Psalm 68.1-20 | Sunday after the Ascension B

John Michael Gutierrez, PhD

1 May God arise, may his enemies be scattered;
    may his foes flee before him.
2 May you blow them away like smoke—
    as wax melts before the fire,
    may the wicked perish before God.
3 But may the righteous be glad
    and rejoice before God;
    may they be happy and joyful.

4 Sing to God, sing in praise of his name,
    extol him who rides on the clouds;
    rejoice before him—his name is the Lord.
5 A father to the fatherless, a defender of widows,
    is God in his holy dwelling.
6 God sets the lonely in families,
    he leads out the prisoners with singing;
    but the rebellious live in a sun-scorched land.

7 When you, God, went out before your people,
    when you marched through the wilderness,
8 the earth shook, the heavens poured down rain,
    before God, the One of Sinai,
    before God, the God of Israel.
9 You gave abundant showers, O God;
    you refreshed your weary inheritance.
10 Your people settled in it,
    and from your bounty, God, you provided for the poor.

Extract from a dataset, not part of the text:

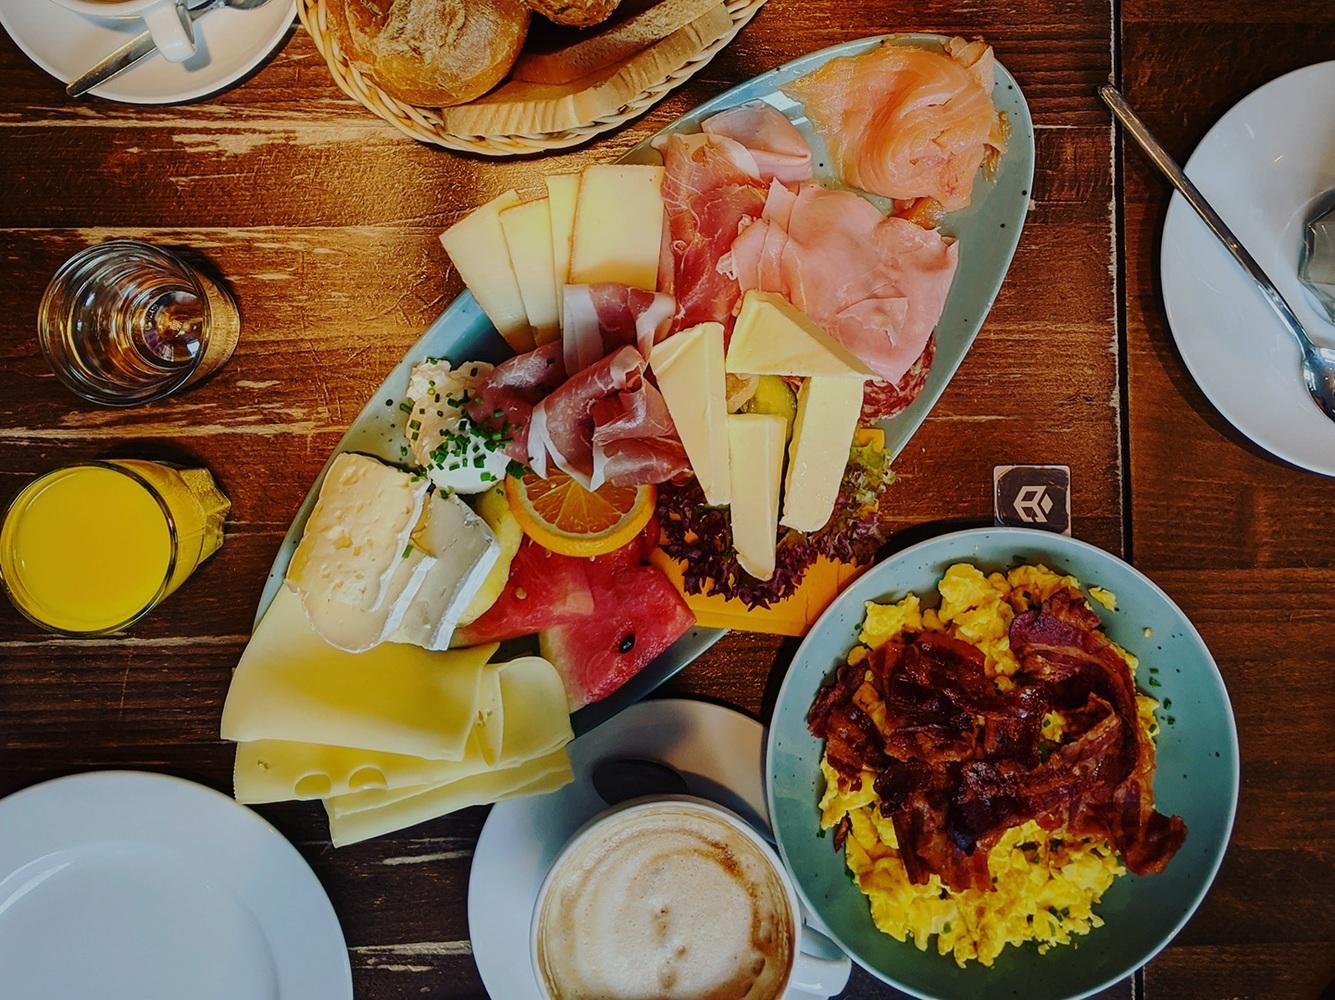 Ausgiebig brunchen: Die besten Cafés für fabelhaftes Frühstück in Deggendorf!

11 The Lord announces the word,
    and the women who proclaim it are a mighty throng:
12 “Kings and armies flee in haste;
    the women at home divide the plunder.
13 Even while you sleep among the sheep pens,
    the wings of my dove are sheathed with silver,
    its feathers with shining gold.”
14 When the Almighty scattered the kings in the land,
    it was like snow fallen on Mount Zalmon.

15 Mount Bashan, majestic mountain,
    Mount Bashan, rugged mountain,
16 why gaze in envy, you rugged mountain,
    at the mountain where God chooses to reign,
    where the Lord himself will dwell forever?
17 The chariots of God are tens of thousands
    and thousands of thousands;
    the Lord has come from Sinai into his sanctuary.
18 When you ascended on high,
    you took many captives;
    you received gifts from people,
even from the rebellious—
    that you, Lord God, might dwell there.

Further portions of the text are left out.